### Exercise data
=== Begin Enclosure ===

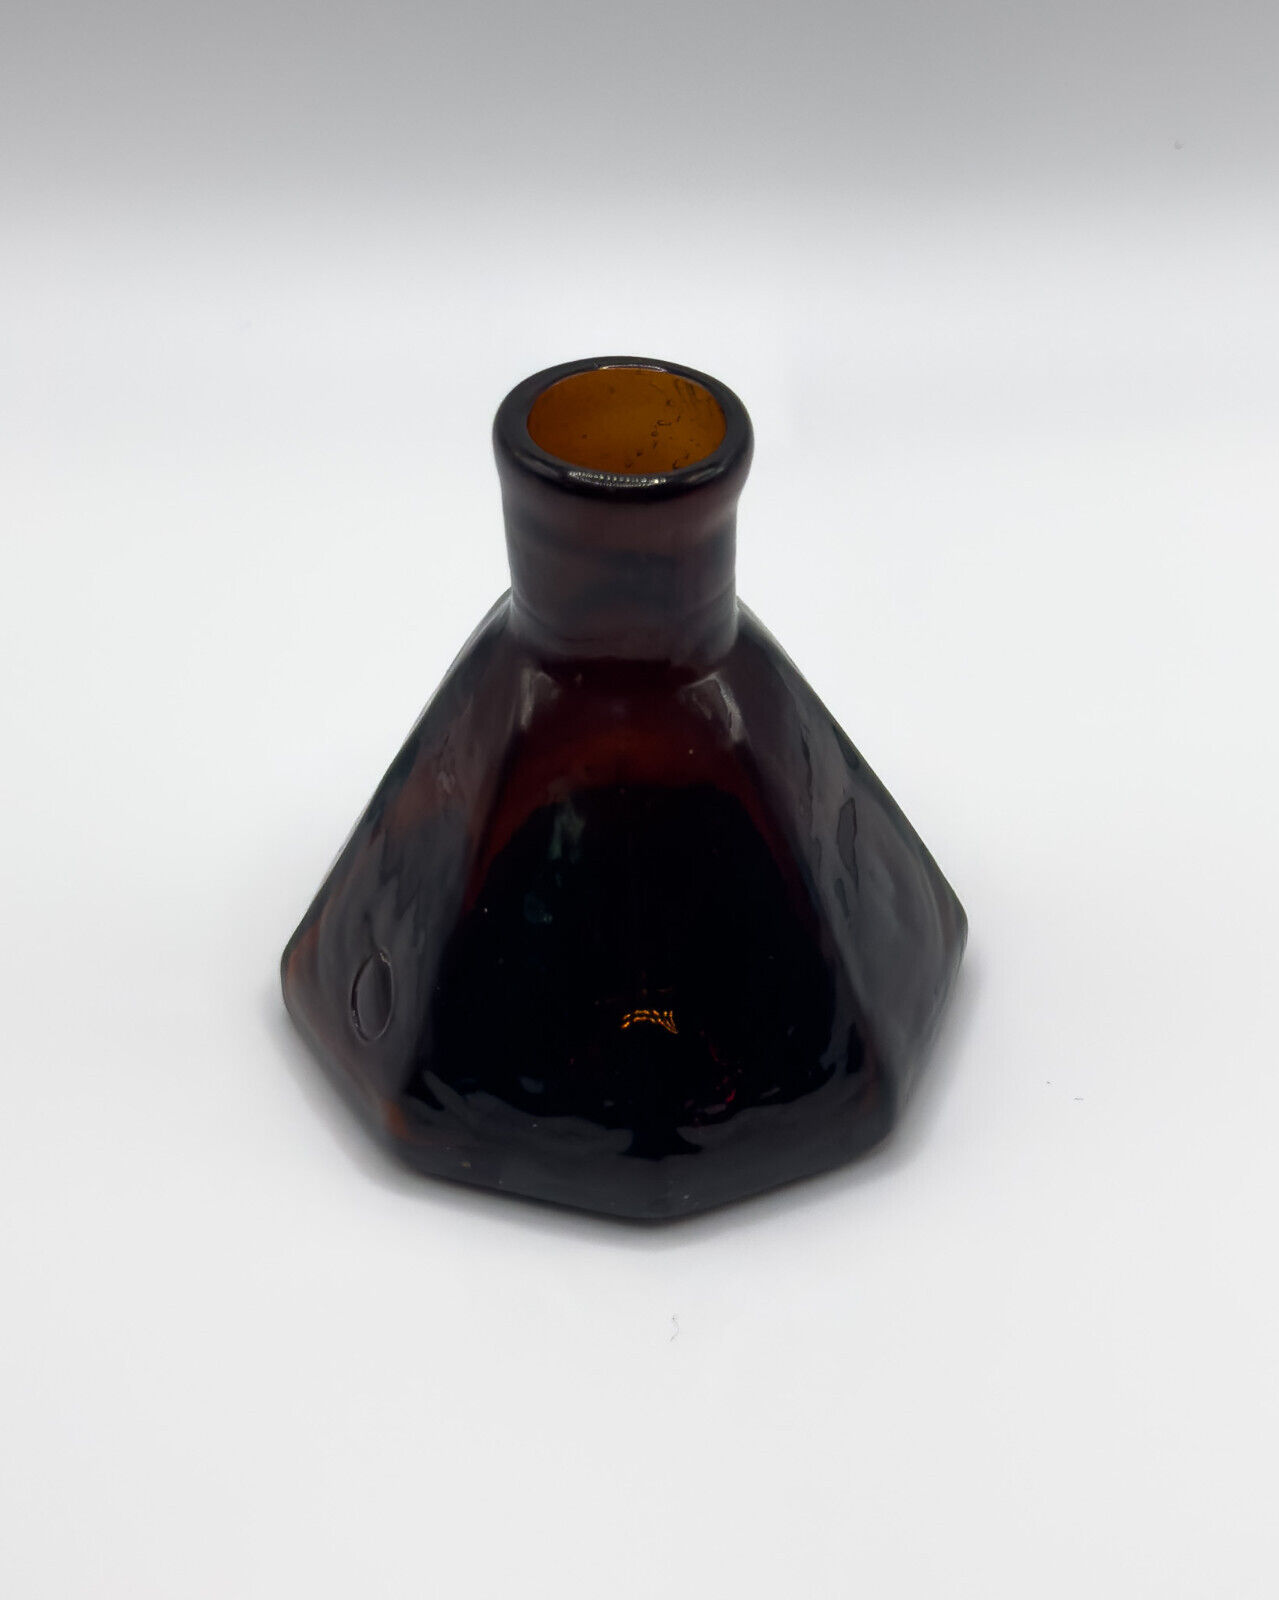 Antique Pontil Stoddard Amber Ink Well c. 1840s - 1860s
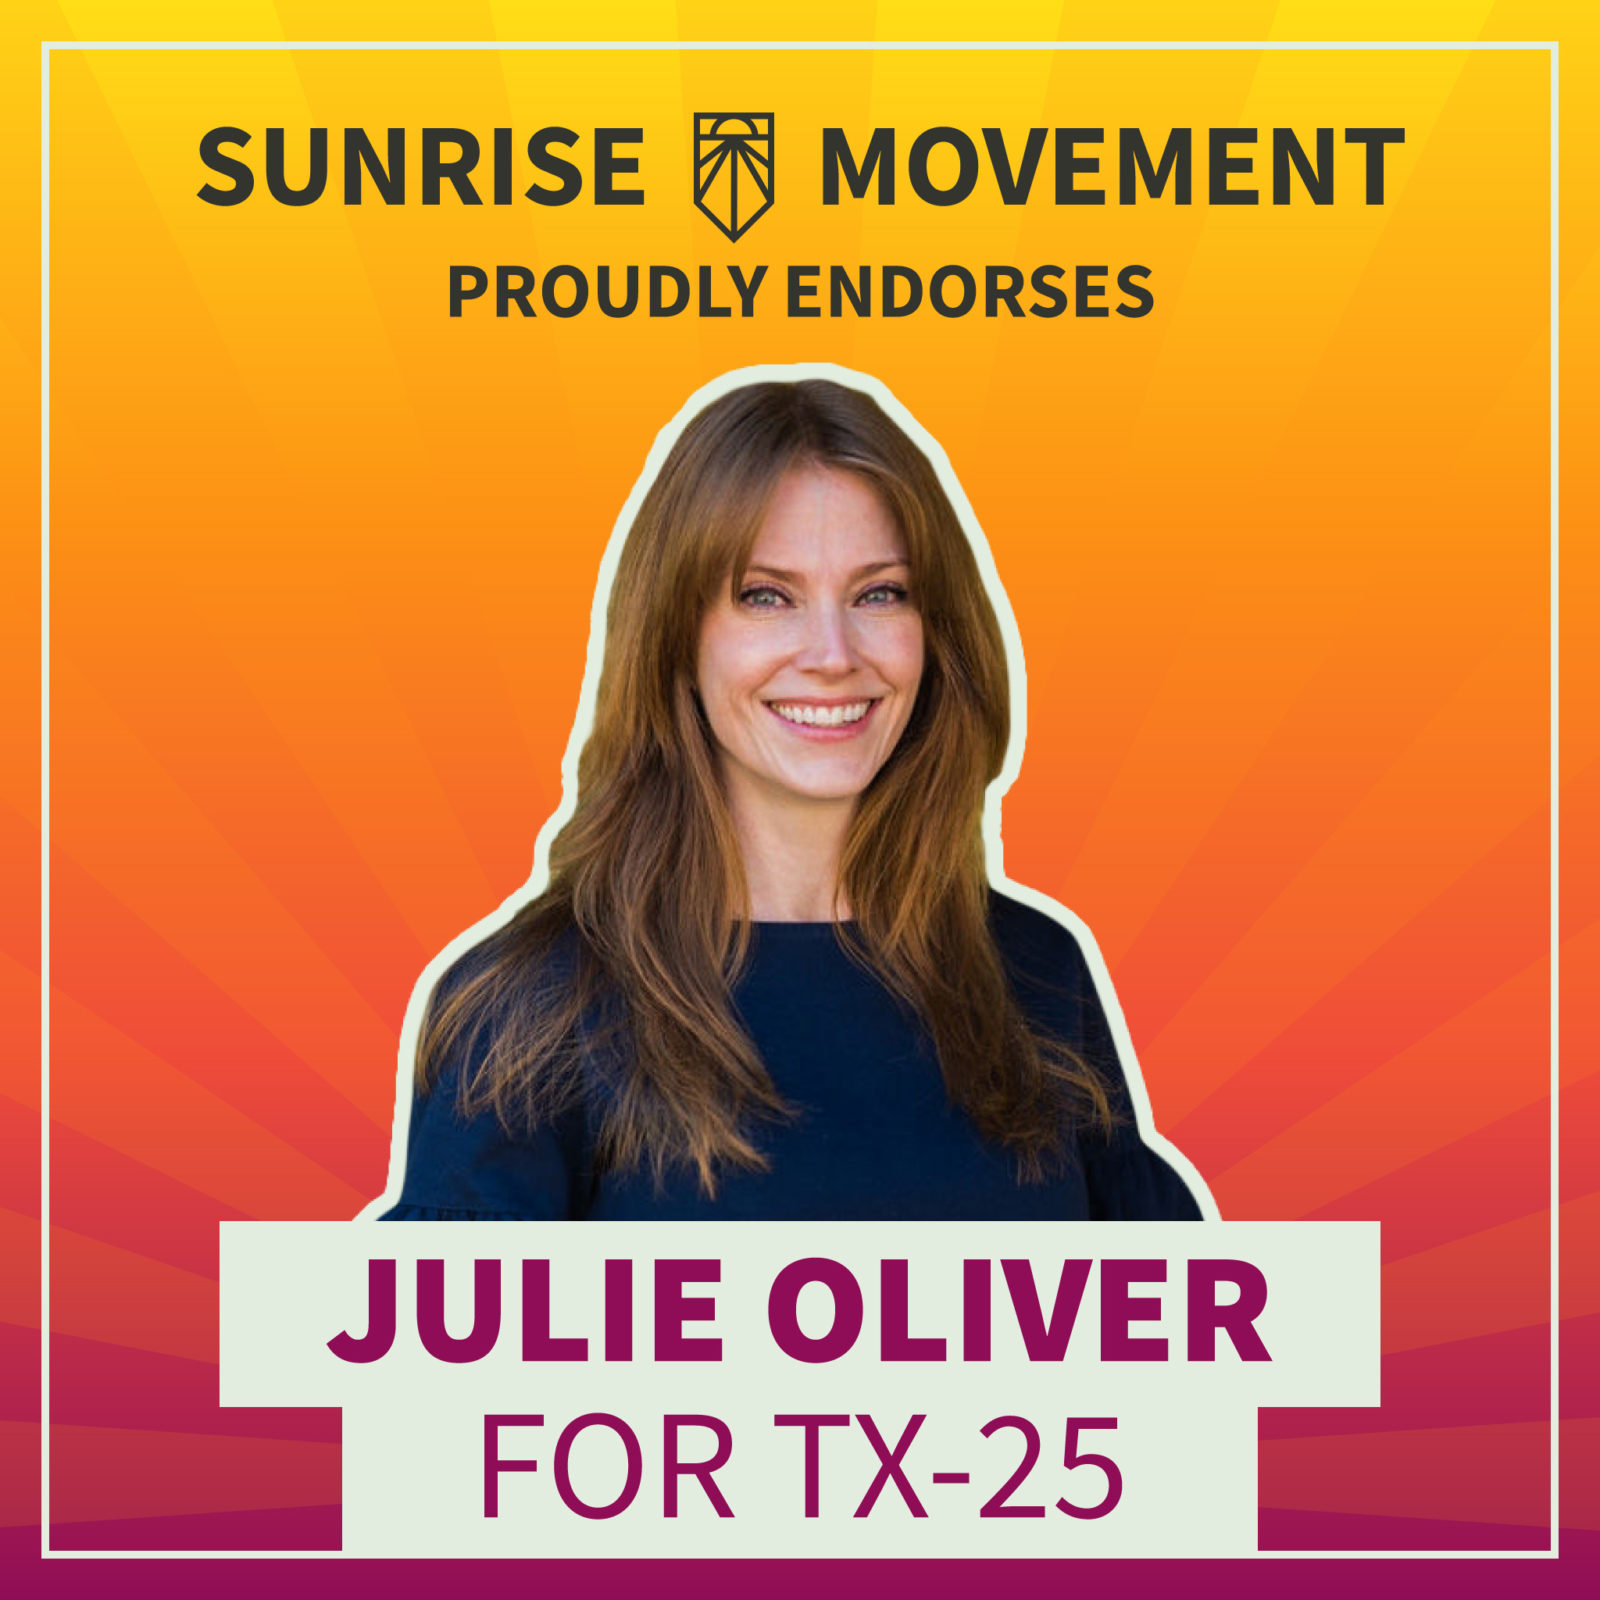 Фотография Джули Оливер с текстом: «Движение восхода солнца» с гордостью поддерживает Джули Оливер для участия в TX-25.
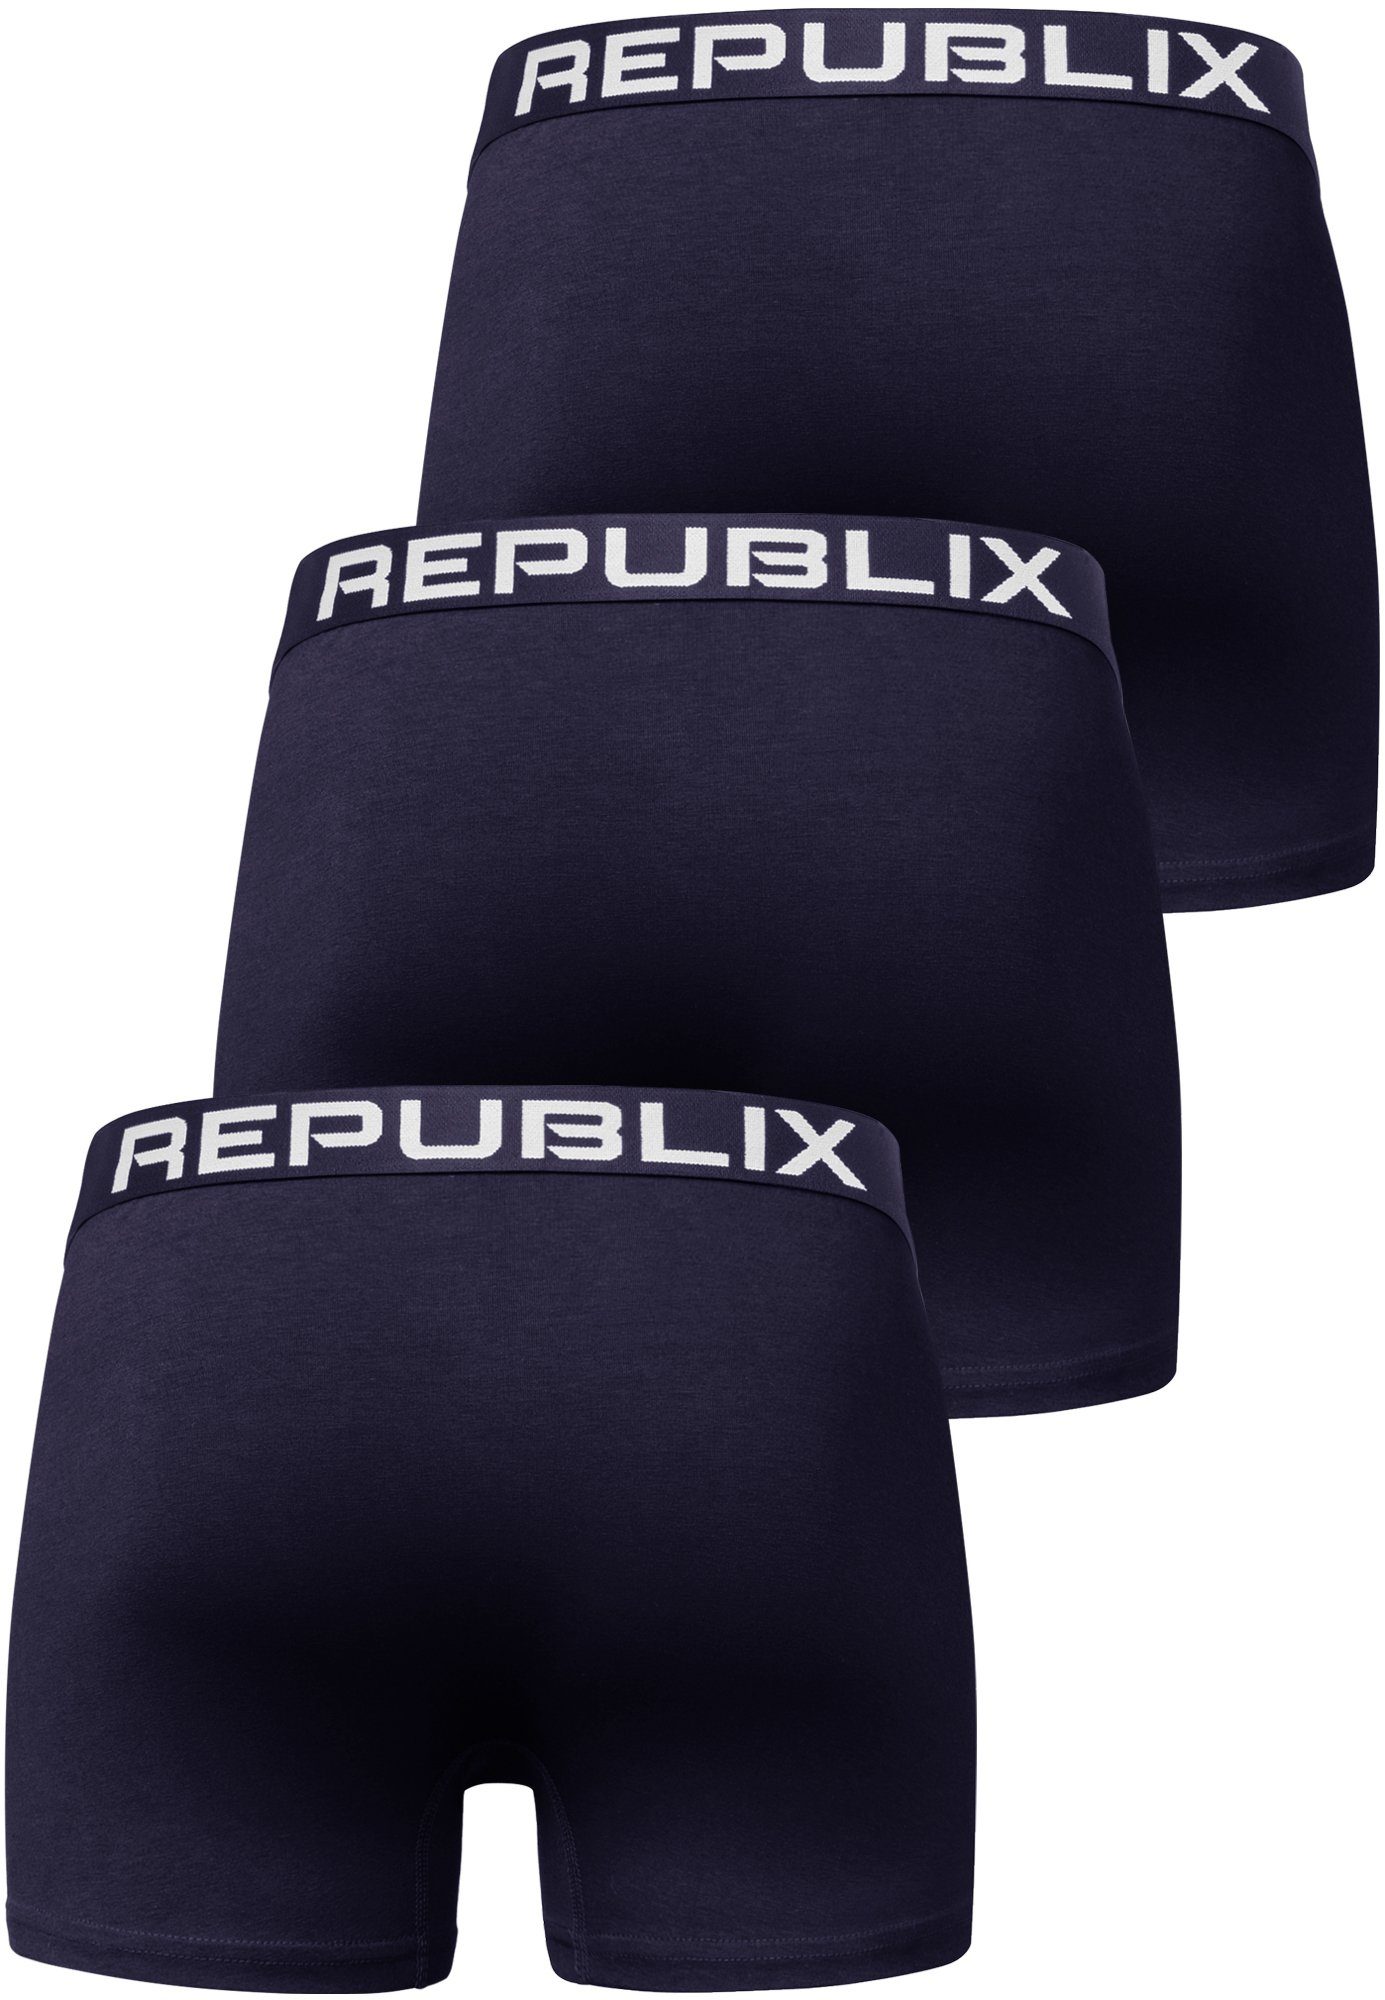 (3er-Pack) Baumwolle REPUBLIX DON Herren Boxershorts Unterwäsche Unterhose Navyblau/Navyblau Männer

=== End Enclosure ===

Set down the data above word for word, leaving every picture out.

 Antique Pontil Stoddard Amber Ink Well c. 1840s - 1860s
 Фотография Джули Оливер с текстом: «Движение восхода солнца» с гордостью поддерживает Джули Оливер для участия в TX-25.
 (3er-Pack) Baumwolle REPUBLIX DON Herren Boxershorts Unterwäsche Unterhose Navyblau/Navyblau Männer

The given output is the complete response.